Background information
- Born: Esperanza Emily Spalding October 18, 1984 (age 41) Portland, Oregon, U.S.
- Genres: Jazz; jazz fusion; bossa nova; Latin jazz; neo soul; R&B; third stream;
- Occupations: Musician; composer; educator; bandleader;
- Instruments: Double bass; bass guitar; vocals;
- Years active: 2000–present
- Labels: Ayva Musica; Heads Up; Concord;
- Website: www.esperanzaspalding.com

= Esperanza Spalding =

American jazz bassist and singer

Esperanza Emily Spalding (born October 18, 1984), sometimes professionally known with the stylized name of esperanza spalding, is an American bassist, singer, songwriter, and composer. Her accolades include five Grammy Awards, a Boston Music Award, a Soul Train Music Award, and two honorary doctorates: one from her alma mater Berklee College of Music and one from the California Institute of the Arts (CalArts).
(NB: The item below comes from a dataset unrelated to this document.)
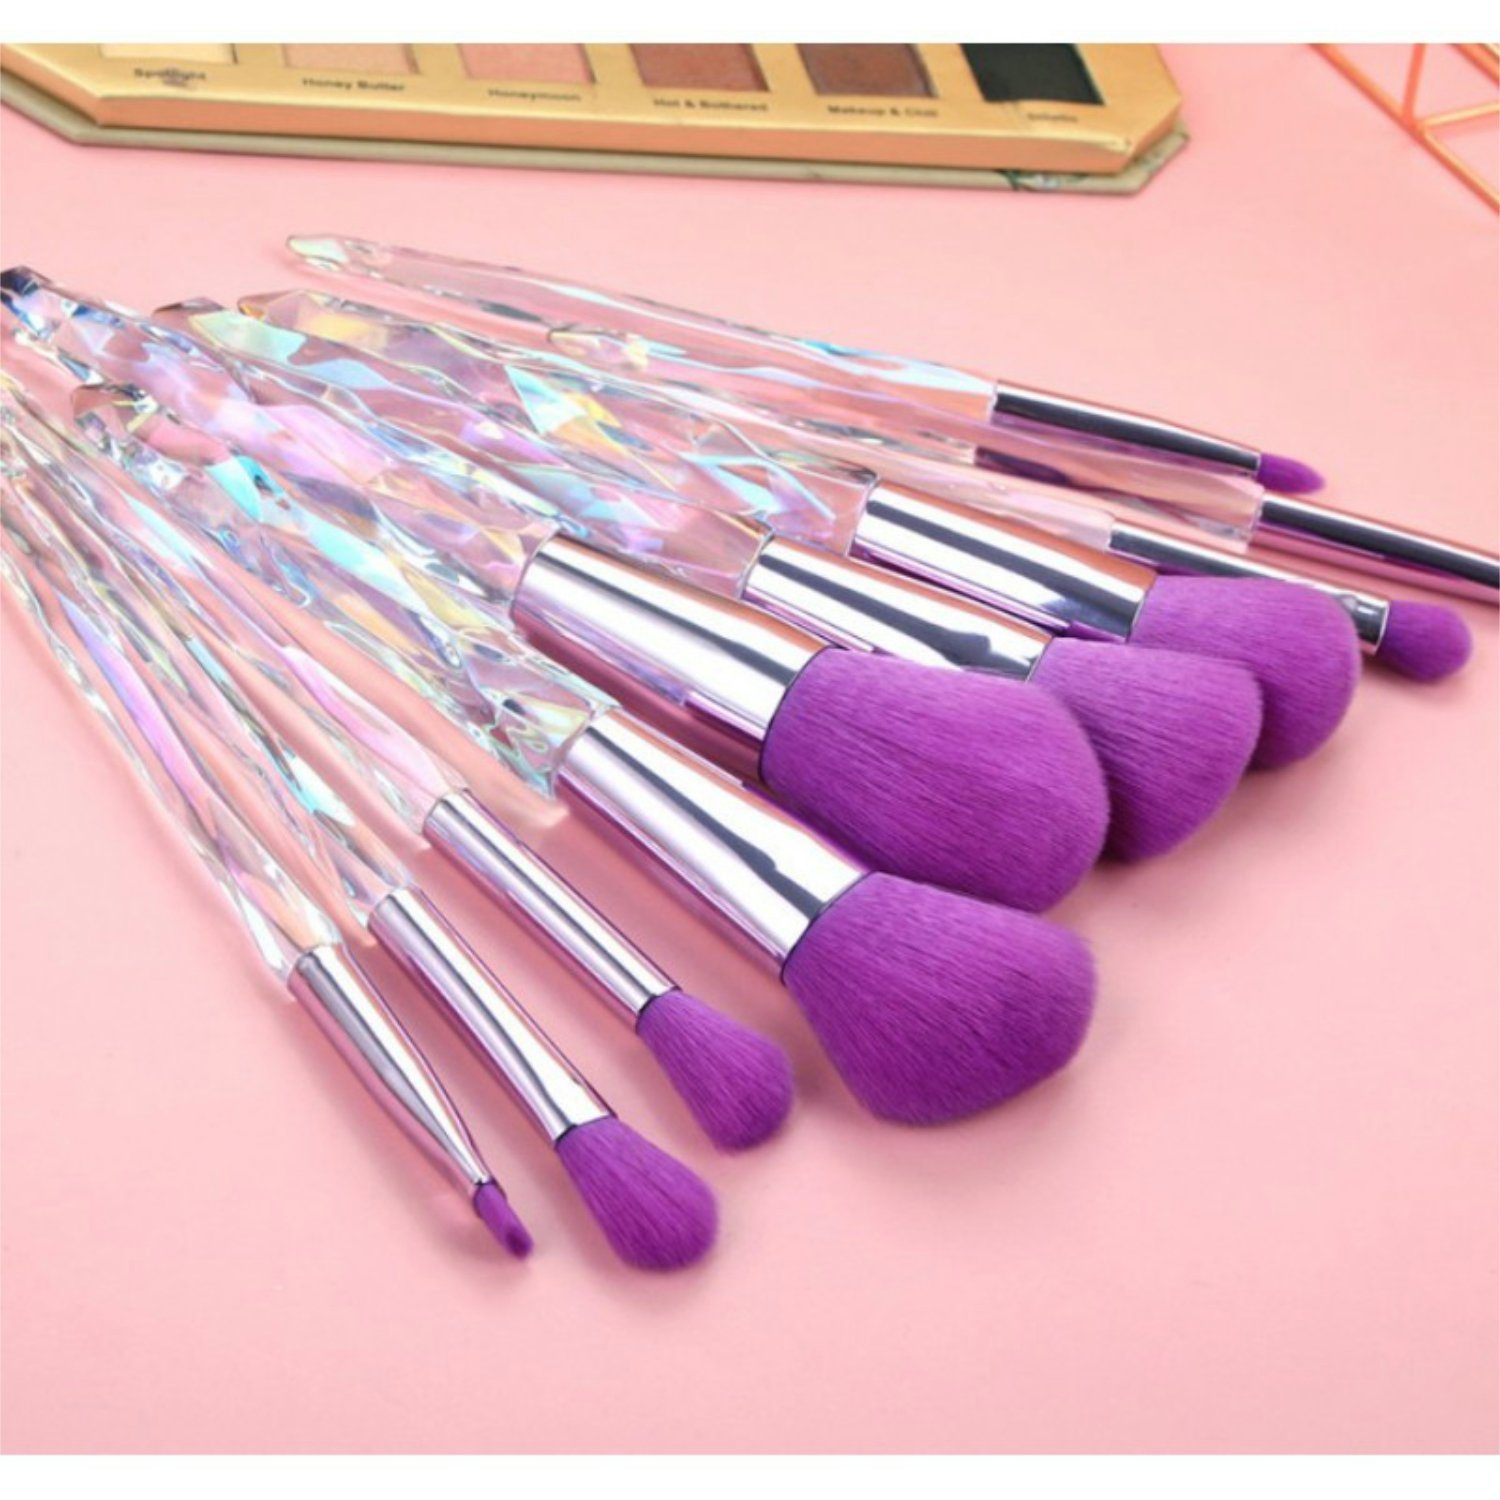 Kosmetikpinsel-Set Brushes, 10 10-teiliges Make-Up-Pinsel WS-Trend

Born and raised in Portland, Oregon, Spalding began playing music professionally in her childhood, performing as a violinist in the Chamber Music Society of Oregon at age five. She was later both self-taught and trained on other instruments, including guitar and bass. Her proficiency earned her academic scholarships to Portland State University and Berklee College of Music, both of which she attended, studying music.
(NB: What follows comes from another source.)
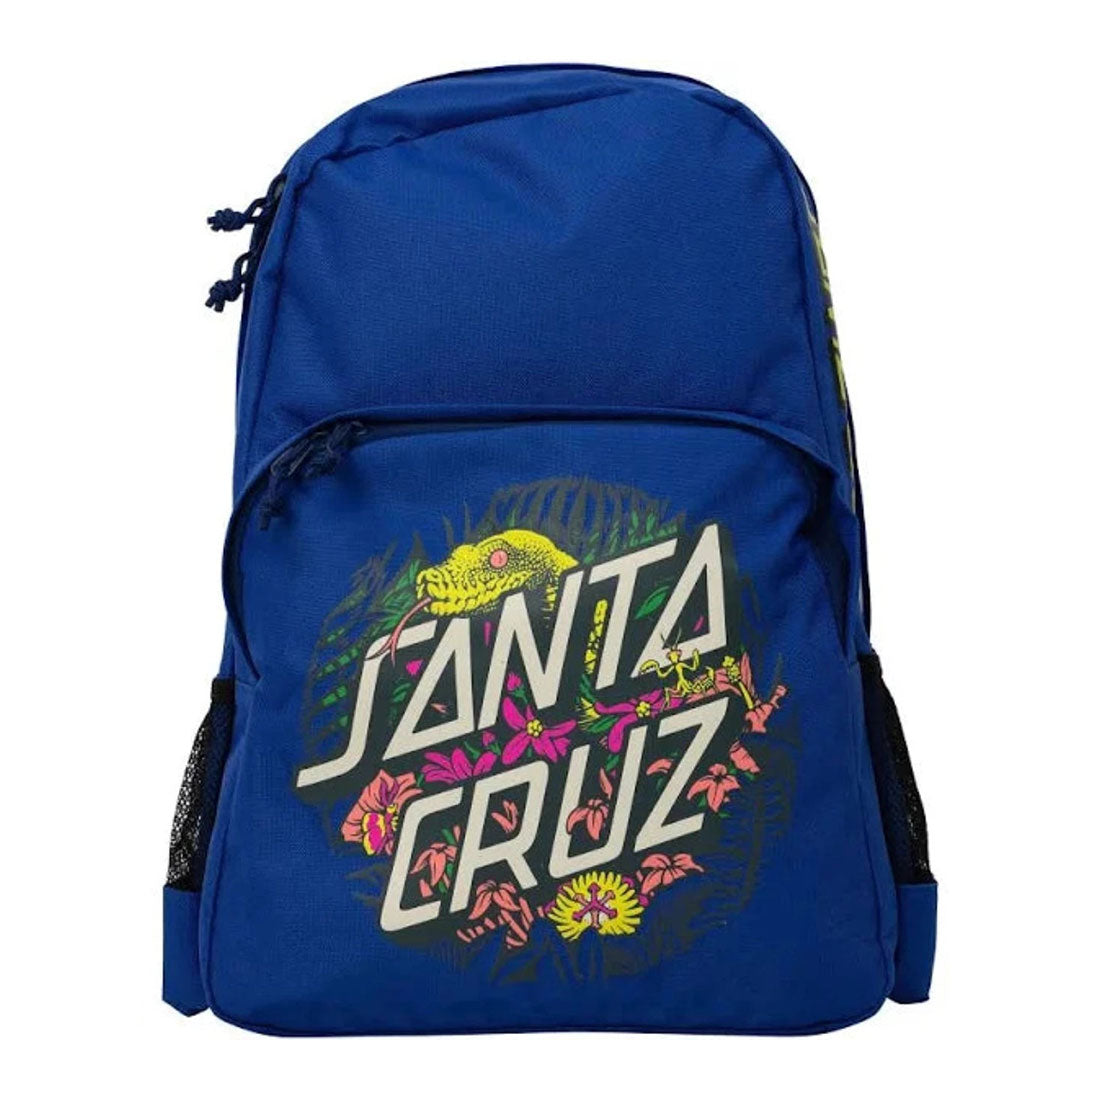 Santa Cruz Asp Flores Dot Backpack - Blue Bags and Backpacks

Spalding released her first album, Junjo, in 2006 on the Spanish label Ayva Musica, after which she signed with the independent American label Heads Up, who released her 2008 self-titled album. Her third studio album, Chamber Music Society (2010), was a commercial success, charting at number 34 on the Billboard 200, and resulting in Spalding winning her first Grammy Award for Best New Artist. She saw further acclaim for her fourth release, Radio Music Society (2012), which earned the Grammy for Best Jazz Vocal Album, as well as the track "City of Roses" winning for Best Arrangement, Instrument and Vocals.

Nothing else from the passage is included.